TensorFlow Dataloader

class nvtabular.loader.tensorflow.KerasSequenceLoader(paths_or_dataset, batch_size, label_names=None, feature_columns=None, cat_names=None, cont_names=None, engine=None, shuffle=True, seed_fn=None, buffer_size=0.1, device=None, parts_per_chunk=1, reader_kwargs=None, global_size=None, global_rank=None, drop_last=False, sparse_names=None, sparse_max=None, sparse_as_dense=False, schema=None)[source]

Bases: keras.utils.data_utils.Sequence, nvtabular.loader.backend.DataLoader

Infinite generator used to asynchronously iterate through CSV or Parquet dataframes on GPU by leveraging an NVTabular Dataset. Applies preprocessing via NVTabular Workflow objects and outputs tabular dictionaries of TensorFlow Tensors via dlpack. Useful for training tabular models built in Keras and trained via tf.keras.Model.fit.
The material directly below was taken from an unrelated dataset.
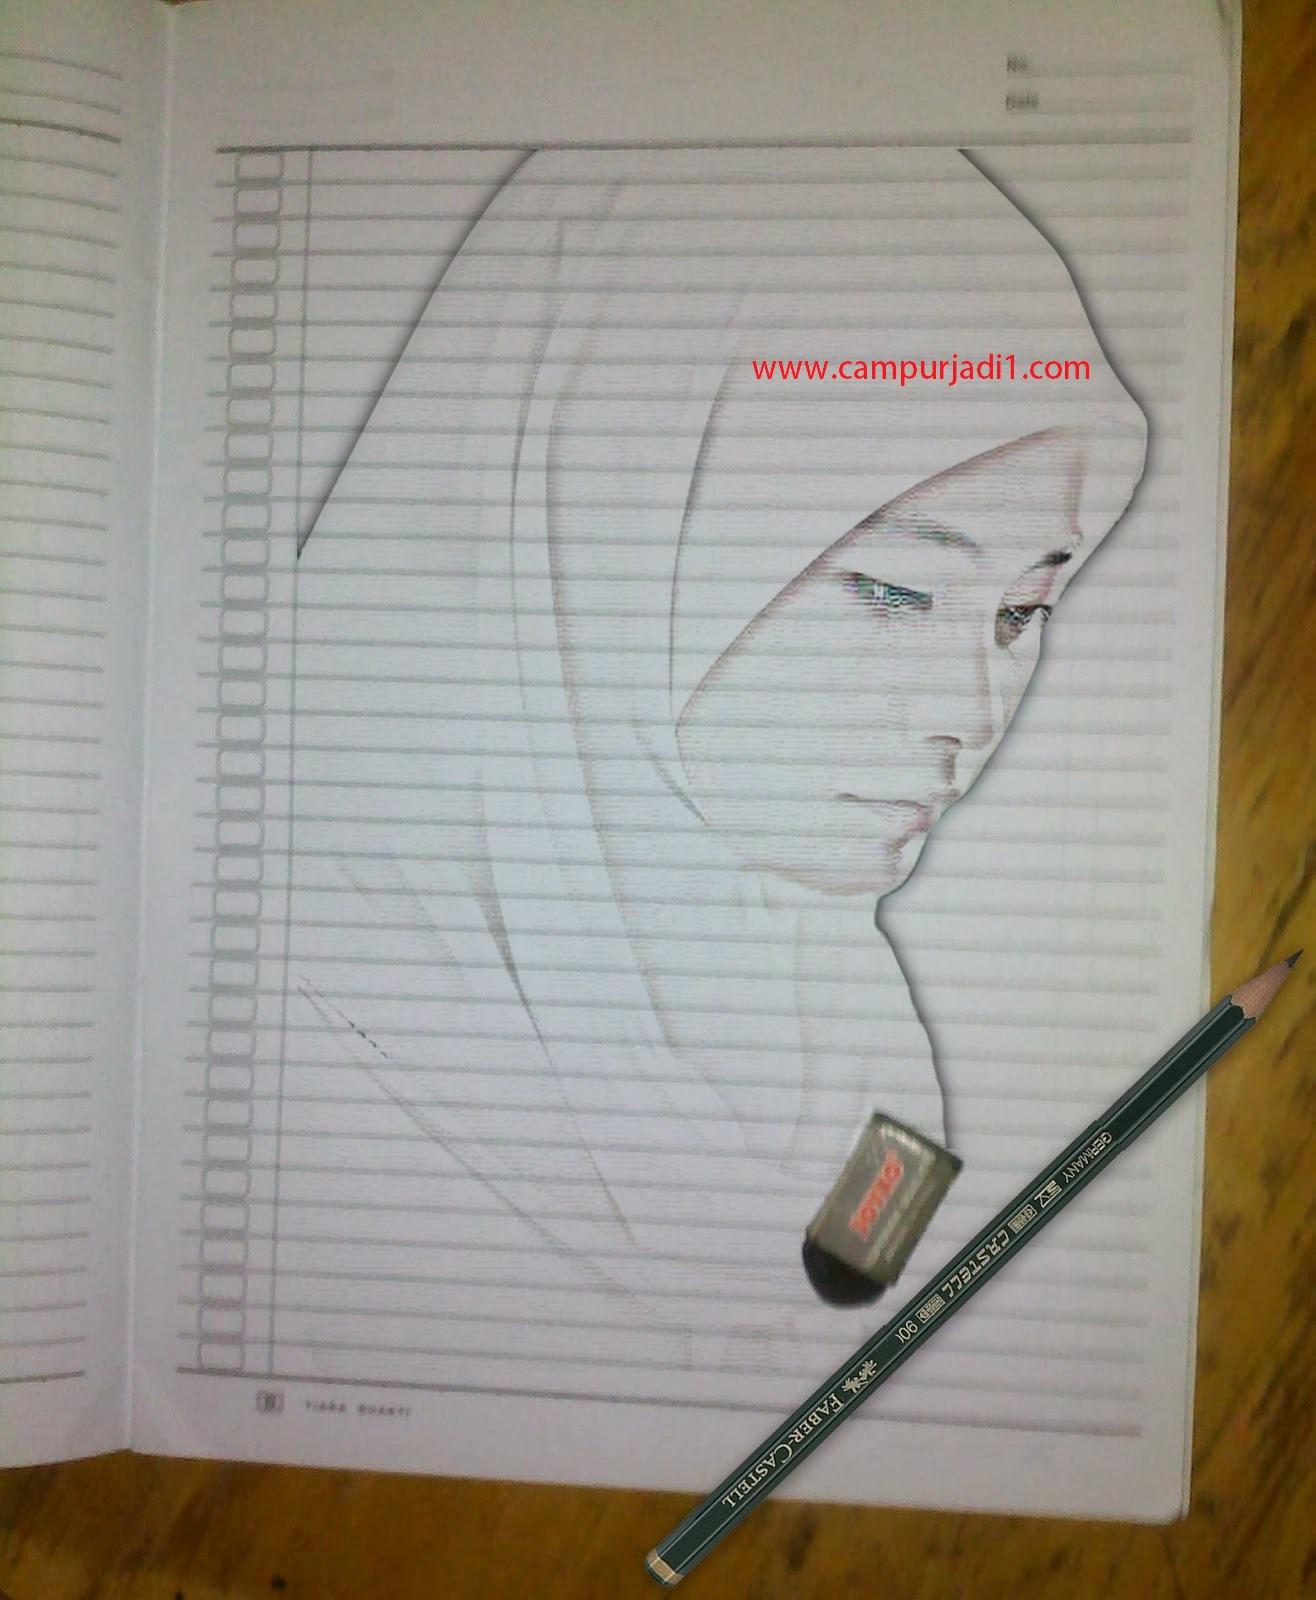 Gambar Sketsa Pensil Keren Sobsketsa

The data loading scheme is implemented by loading, preprocessing, and batching data in an asynchronous thread. The amount of randomness in shuffling is controlled by the buffer_size and parts_per_chunk kwargs. At load time, sub-chunks of data with size controlled by buffer_size are loaded from random partitions in the dataset, and parts_per_chunk of them are concatenated into a single chunk, shuffled, and split into batches. This means that each chunk has buffer_size*parts_per_chunk rows, and due to the asynchronous nature of the dataloader that means there are, including the batch being processed by your network, 3*buffer_size*parts_per_chunk rows of data in GPU memory at any given time. This means that for a fixed memory budget, using more parts_per_chunk will come at the expense of smaller buffer_size, increasing the number of reads and reducing throughput. The goal should be to maximize the total amount of memory utilized at once without going OOM and with the fewest number of reads to meet your epoch-level randomness needs.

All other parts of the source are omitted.